Secondly, notice in the figure that the client is the one initiating the connection; this is intentional and a big limitation of connection-based (TCP, MQTT, etc.) protocols in the application of a network reachable device, which requires that the device responds to the server’s request.
One could have the client initiate a first connection and keep the connection open, but to keep the connection alive, keep-alive packets need to be sent every pre-defined interval, which again costs a tremendous amount of battery, making these kinds of protocols unusable and impractical for a low power network reachable device.
[Fig 4: TCP Based communication protocol power profile]
Connection-less protocols require no active connection with the server for the data transfer to occur. These offer a much more promising outlook for the network-reachable IOT device application. Some examples of such protocols are MQTT-SN, CoAP, and LWM2M, which are implemented on top of UDP.
These protocols are lightweight and optimized for power and resource consumption, working in favor of the resource-restricted platform they’re intended to be used on. There is, however, a logistical challenge with these networks with regard to the device being network reachable.
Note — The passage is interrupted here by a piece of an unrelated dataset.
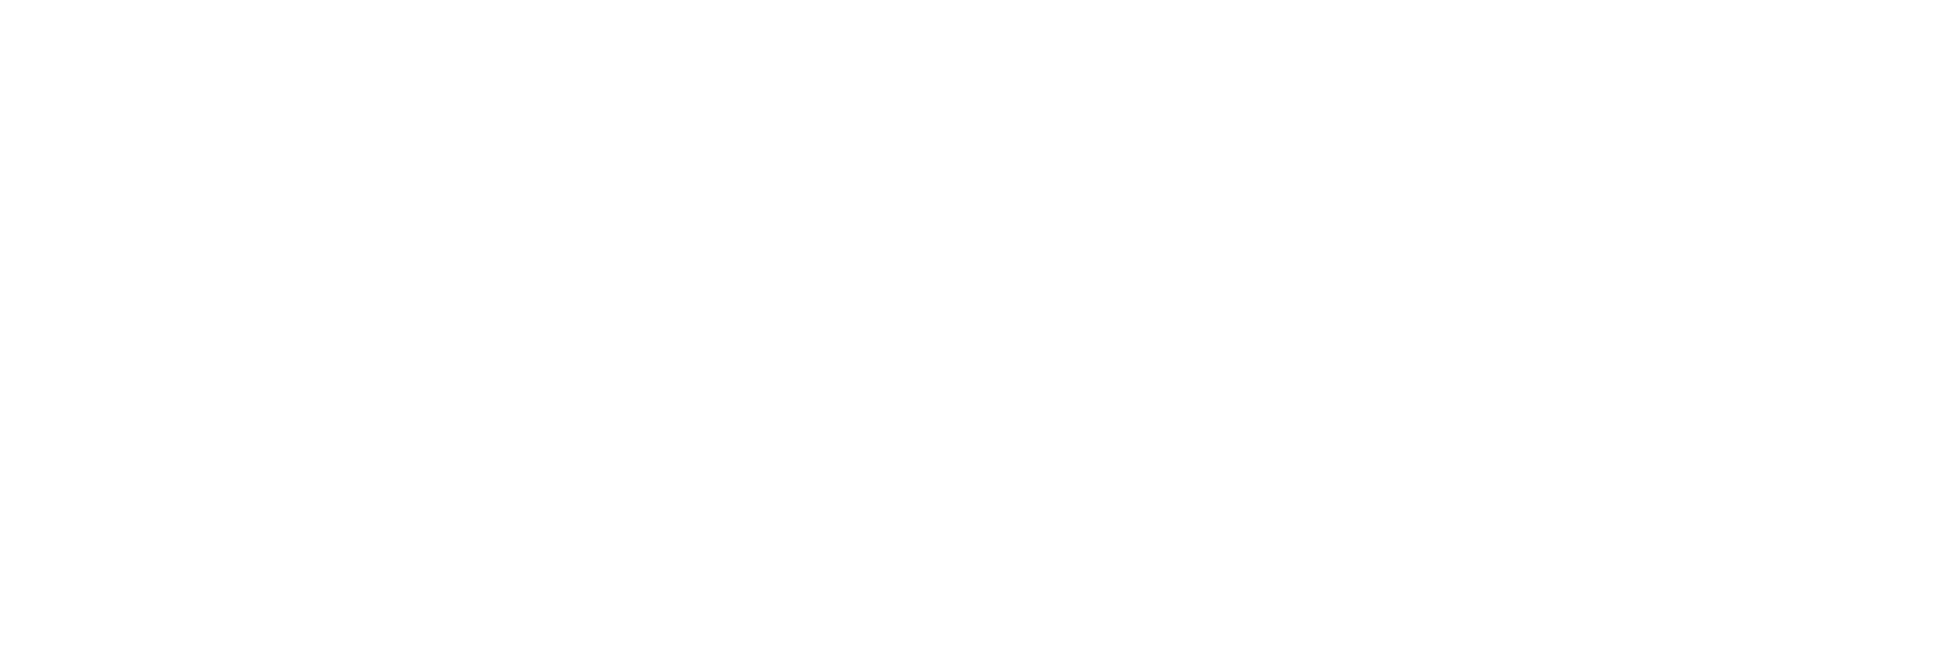 AniCura Askøy Dyreklinikk logo

Despite the protocols themselves being connection-less, the underlying network still requires occasional data transfer to maintain active NAT translations. NAT (Network Address Translation) devices, commonly used in home and enterprise networks, have timeouts for translation entries in their tables. If a device using connection-less protocols remains dormant for an extended period, exceeding the NAT timeout, the corresponding translation entry is purged, hence making the original client unreachable by the network. To address this, periodic keep-alive messages or other mechanisms have to be implemented to maintain NAT translations and ensure continuous network reachability for IoT devices using connection-less protocols but that is very expensive on the battery and not ideal for an IOT device where battery is a scarce resource.
As we have explored in this article, building a network-reachable device is a challenge on all layers, from device constraints to infrastructure limitations. UDP-based communication protocols offer a promising future for low-power network reachable devices because, fundamentally, the logistical challenge of the NAT timeouts, as mentioned above, can be eliminated using a private network and bypassing the NAT altogether. As enough interest grows in the need for network-reachable devices, we should see specific commercial network infrastructures that offer out-of-the-box solutions for these challenges.